Ali McBride, PharmD, MS, BCOP, FAzPA, FASHP: Looking at the current areas of development for biosimilars, you can utilize these in the up-front setting or relapsed-refractory setting. When that preference occurs is still an unknown area. I think that when we’re continuing therapy, we’ll probably continue these brand-name therapies based on continualization in the curative setting. Again, the key question here is curative. There will be a preference early on to continue with that brand-name biologic therapy. As time goes on, in a year or 2, we’ll see more and more uptake of the biosimilarization.
Even though the preference is there—by a physician team, by team members—the payers will actually define what we use, because we have to get prior authorization of biosimilars up front or biologics. Based on the current utilization or integration of what those policies are developed as, then in these cases—even though they may have a preference or they may say “I trust one biologic rather than the biosimilar”—we’ll see a payer define that early on. There’s a consistent communication based on the payer and institutions defining what that actual pathway is.

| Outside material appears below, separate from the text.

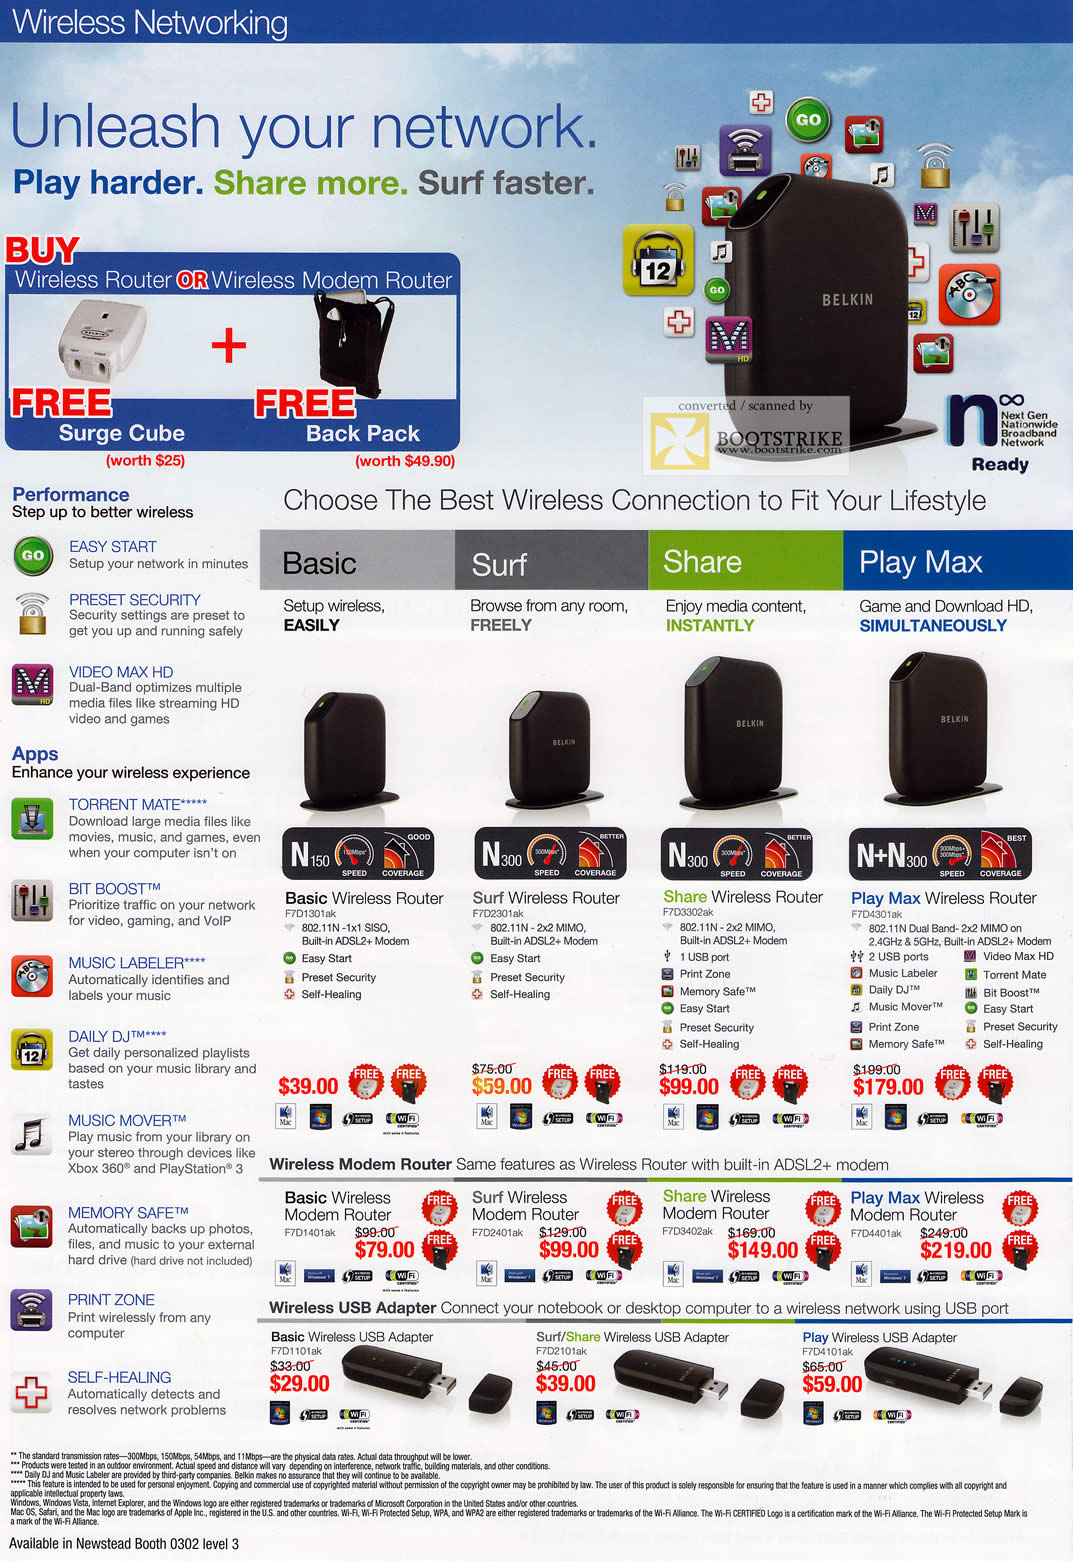 PC Show 2011 price list image brochure of Belkin Wireless Networking Basic Surf Share Play Max Router Model USB Adapter

When the next step evolves, that will be a discussion on when to integrate that in the institution and also how familiar you feel with those drug therapies as well. That next step is part of that educational piece, which is truly a lack of integrating those biosimilars into the next-step pathway. When we start taking a look at biosimilar integration, over time, we’ll see more familiarity because of use and adverse-event profiles, which should be different, becoming a mainstay of those discussions. That familiarity will bring about increased utilization for physician and team members as well.
Kashyap Patel, MD: Biologics and biosimilars—let me go back to biologics first. Biologics have really revolutionized the treatment of cancer patients. Until 15 years back, all we had were some highly toxic chemotherapy that was almost, like, the bomb that you would use in a large dose and then hope that the cancer tissue dies and the normal tissue recovers.
The biologics target the specific cell, getting a specific marker on the surface. Biologics have revolutionized the management of cancer patients. But they’re really expensive, and the biosimilars have allowed us to replace expensive biologic drugs with relatively less expensive ones—not a whole lot of difference, maybe 15%, 20%, 30% less, but any savings to the system is savings. That’s why biosimilars have been very promising for continuing the accessibility and affordability for cancer patients in our country.